Scrub Word Documents
Feb 8th, 2008 by seanh420

I was asked the other day to write a program to scrub some 50,000 Microsoft Word 2003 documents of hidden data. I was surprised at first because I had no idea that Word secretly tracked changes in documents and who changed what. Apparently this problem is dangerous to companies in particular. Imagine writing in a Word document something that says, "Mike is an asshole." Then later you realize Mike might see this document so you delete it. If Mike finds this document and he knows what he is doing and you don’t know about this, Mike can see that you wrote this and deleted it. It’s logged, but hidden. I looked on google for about an hour but came up with a lot of crap I didn’t like. I thought I had a winner when I landed on Doc Scrubber, but all that did was remove document properties. Then I landed on Kim Komando’s page which suggested downloading something called the RHD tool from Microsoft (Validation Required). Upon further inspection of this tool, I found it to be a pain in the ass for the purpose of scrubbing multiple documents. I kept getting the error, "Protected Document failed. Reason: This document contains protected information. If you are not the author of this document, contact the author to obtain permissions." whenever I ran the OFFRHD.EXE program located in the RHD thing.

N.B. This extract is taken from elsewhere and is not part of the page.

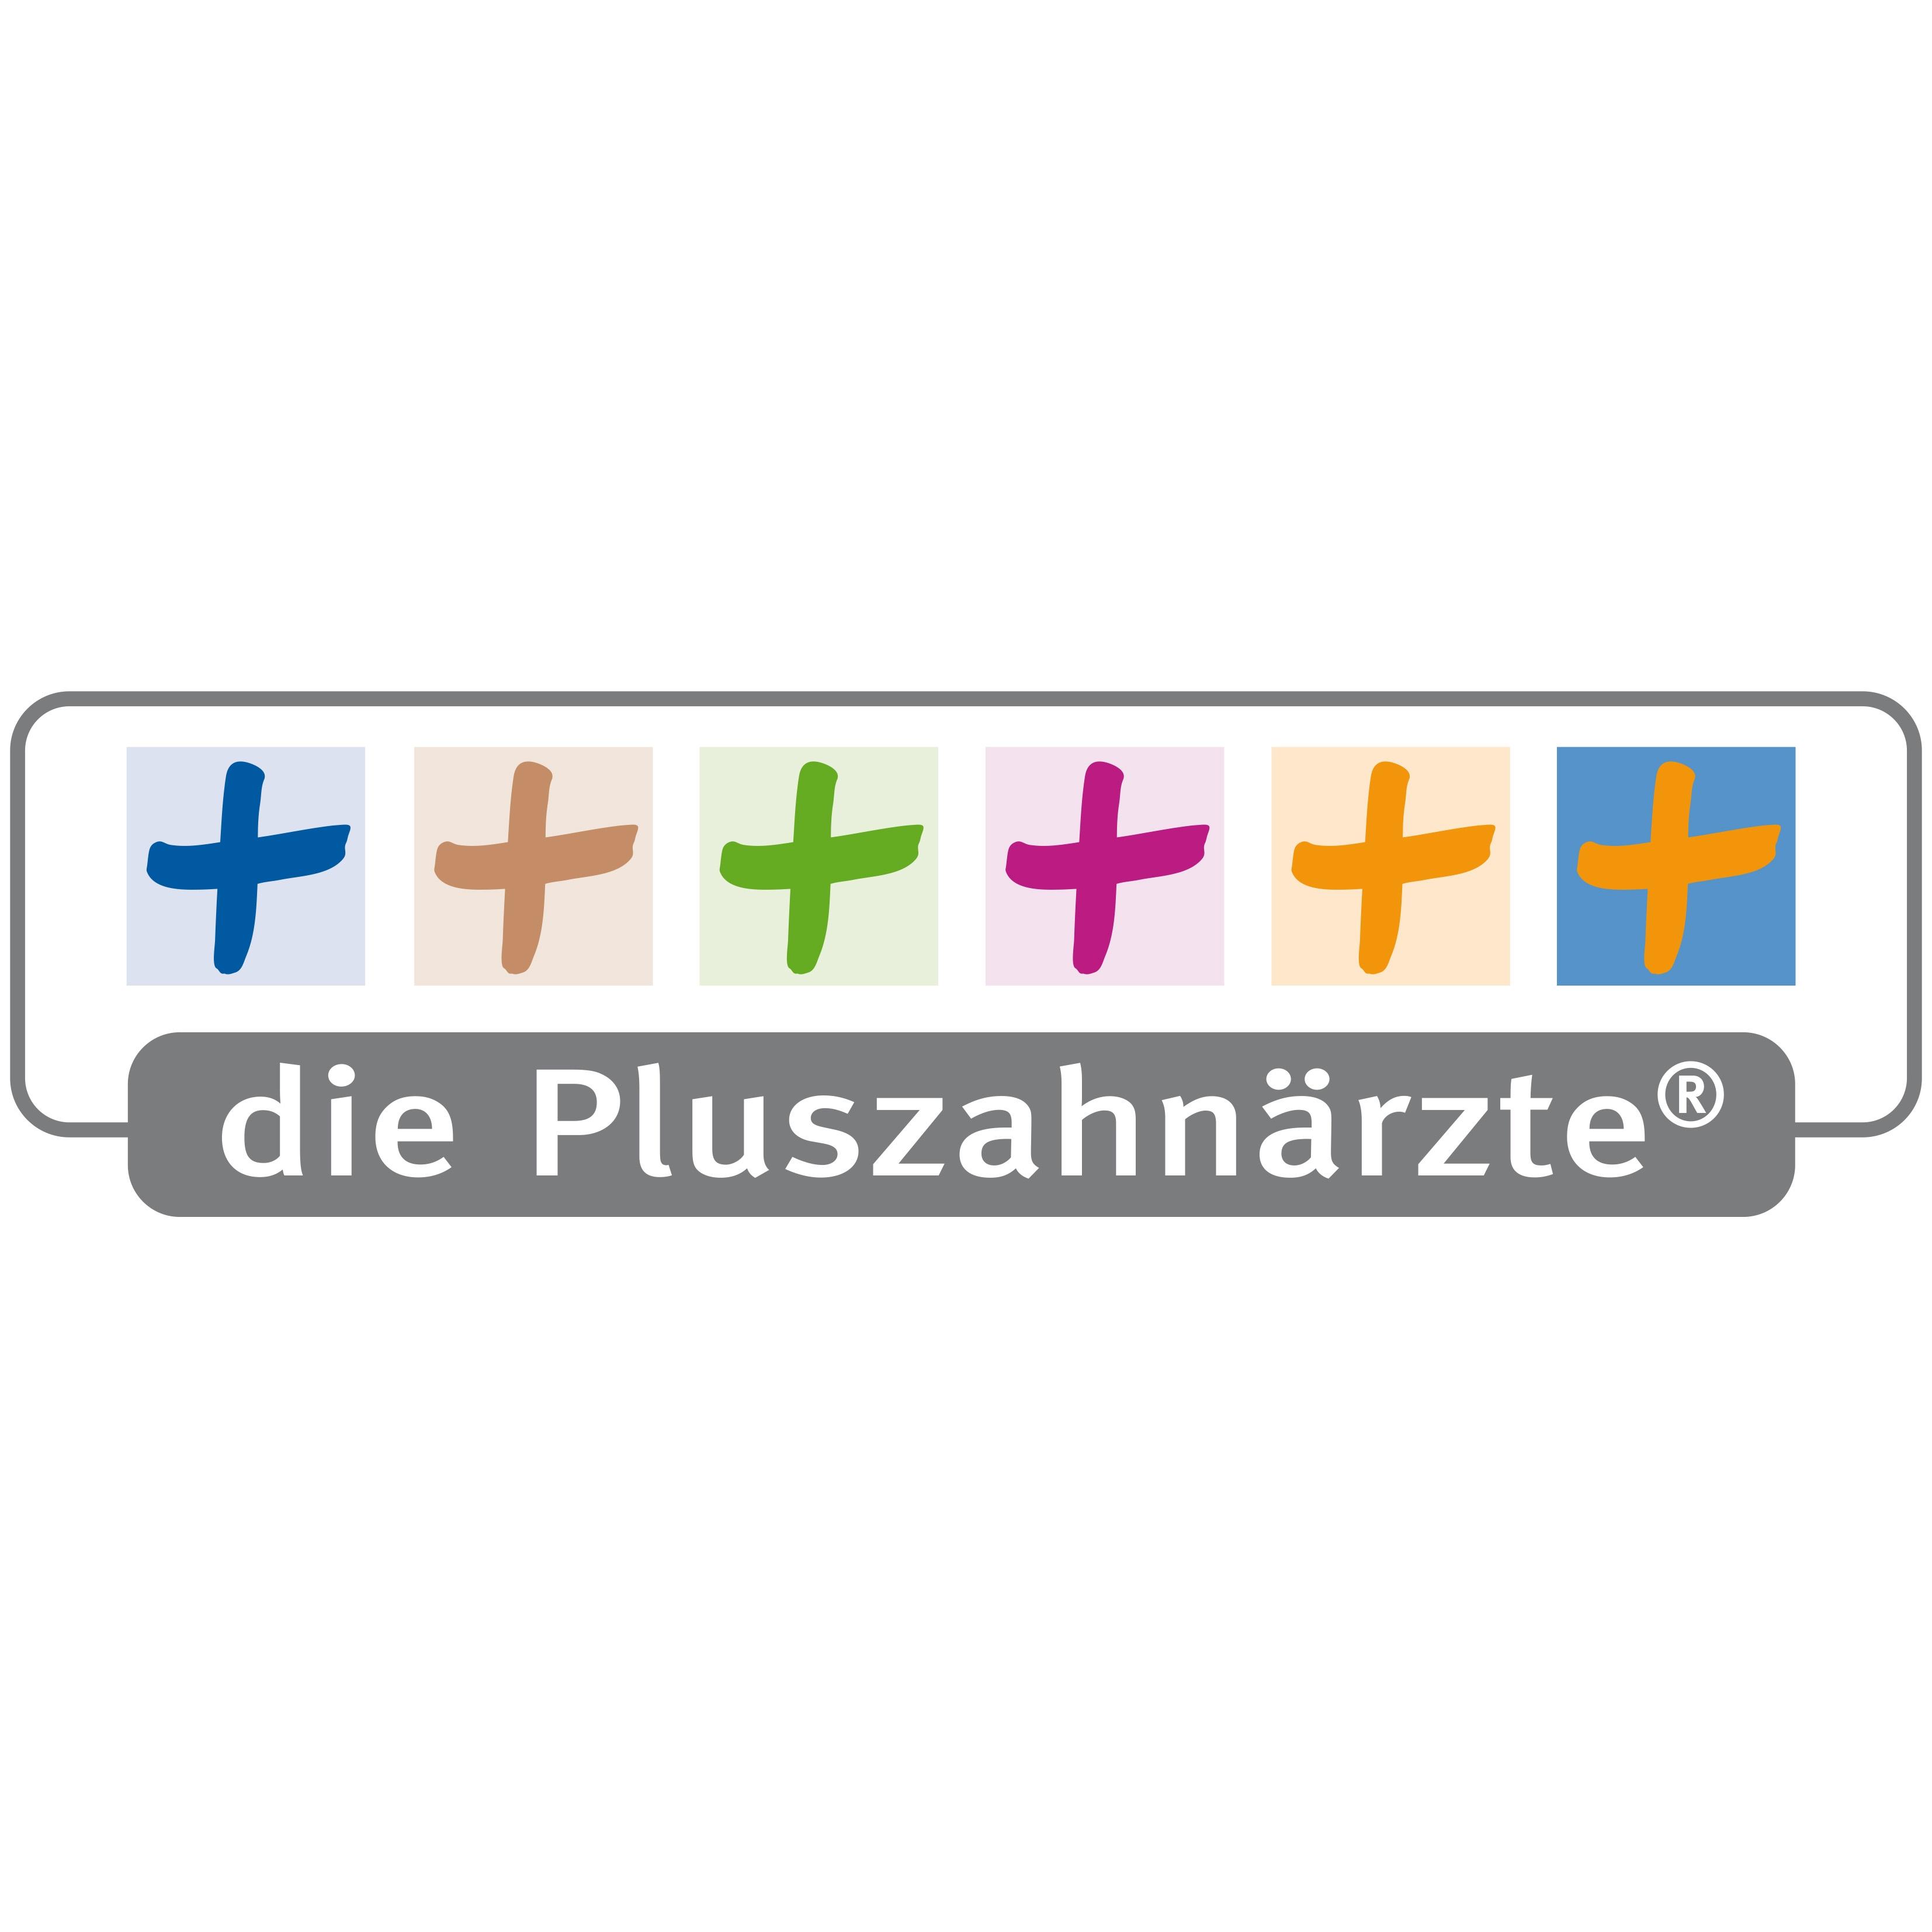 Bild zu die Pluszahnärzte® Zahnarztpraxen im Stadttor in Düsseldorf

I grew impatient with these weak methods and decided to write my own program. The concept is simple: open a document, select all, copy, close the document, create a new document, paste, save the new document in a different folder. I noticed that by doing this, some documents decreased quite a bit in size. On one test of a document that was edited by dozens of people, this method shrunk it from 3.03 MB to 2.01 MB. They seemed happy with it, so I just used VB6 and Word 2003 to automate this on a lot of documents. Mind you, I had to spend some time learning how to automate office because I never did this before. Why the hell does Word put all this bullshit in documents anyway? My program is called, "Word 2003 Document Bullshit removal." I welcome any and all comments or suggestions. This is not meant to be a commercial end all solution but rather something for other programmers to look at. Use at your own risk.
Example Document before scrubbing

I had to sensor the screenshot because too much data was exposed.
Example Document after scrubbing with my code

My Code:
Private Sub cmdRemove_Click()
Me.MousePointer = 11
Dim WordApp As Word.Application
Dim source As String, dest As String, dirtydocument As String
Dim i As Integer
Set WordApp = CreateObject("Word.Application")
source = txtSource.Text ‘ path to original documents
dest = txtDestination.Text ‘ path to new scrubbed docs
‘ make sure path ends in \ (eg. c:\temp\ )
If Not (Right(source, 1) = "\") Then
source = source & "\"
End If
If Not (Right(dest, 1) = "\") Then
dest = dest & "\"
End If
‘ delete all files in destination folder
Dim File, Folder, FileCollection
Dim fso
Set fso = CreateObject("Scripting.FileSystemObject")
Set Folder = fso.GetFolder(dest)
Set FileCollection = Folder.Files
For Each File In FileCollection
fso.DeleteFile (File)
Next
‘ fill file listbox with source folder
File1.Path = source
‘ Set the Visible flag
WordApp.Visible = True
For i = 1 To File1.ListCount
dirtydocument = File1.List(i - 1)
‘ open the document to be scrubbed clean
‘ (eg. c:\temp\1040.doc )
WordApp.Documents.Open (source & dirtydocument)
‘ copy all the contents
WordApp.ActiveDocument.Content.Copy
‘ close the document
WordApp.ActiveDocument.Close
‘ create a new document
WordApp.Documents.Add
‘ paste the contents
WordApp.ActiveDocument.Content.Paste
‘ save as the new document using the same name in a different folder
‘ (eg. c:\temp\scrubbed\1040.doc) <— file size should may be less
WordApp.ActiveDocument.SaveAs (dest & dirtydocument)
‘ clean up document properties
‘ for more, look up WdBuiltInProperty constants
WordApp.ActiveDocument.BuiltInDocumentProperties(wdPropertyAuthor) = ""
WordApp.ActiveDocument.BuiltInDocumentProperties(wdPropertyCompany) = ""
‘ close the ’scrubbed’ version of the document
WordApp.ActiveDocument.Close
Next i
‘ * BUG ***********************
‘ * I get some "You placed a large amount of text on the Clipboard." message
‘ * dont know how to get rid of it, so I’m just leaving word open.
‘Call EmptyClipboard
‘ exit word
‘WordApp.Quit
Me.MousePointer = 0
MsgBox "Finished removing bullshit from all Word 2003 documents!"
End Sub
Let me know what you think. It’s Friday and I’m going home.
Download the source code and program here
anyway you can get this to work with excel?
Does this work with Access?
I only wrote this for word 2003. Its a pretty stupid program really and I only did it cuz I was paid to do it. I have no intentions of writing something for excel/access/ or others…. that is unless someone pays me to.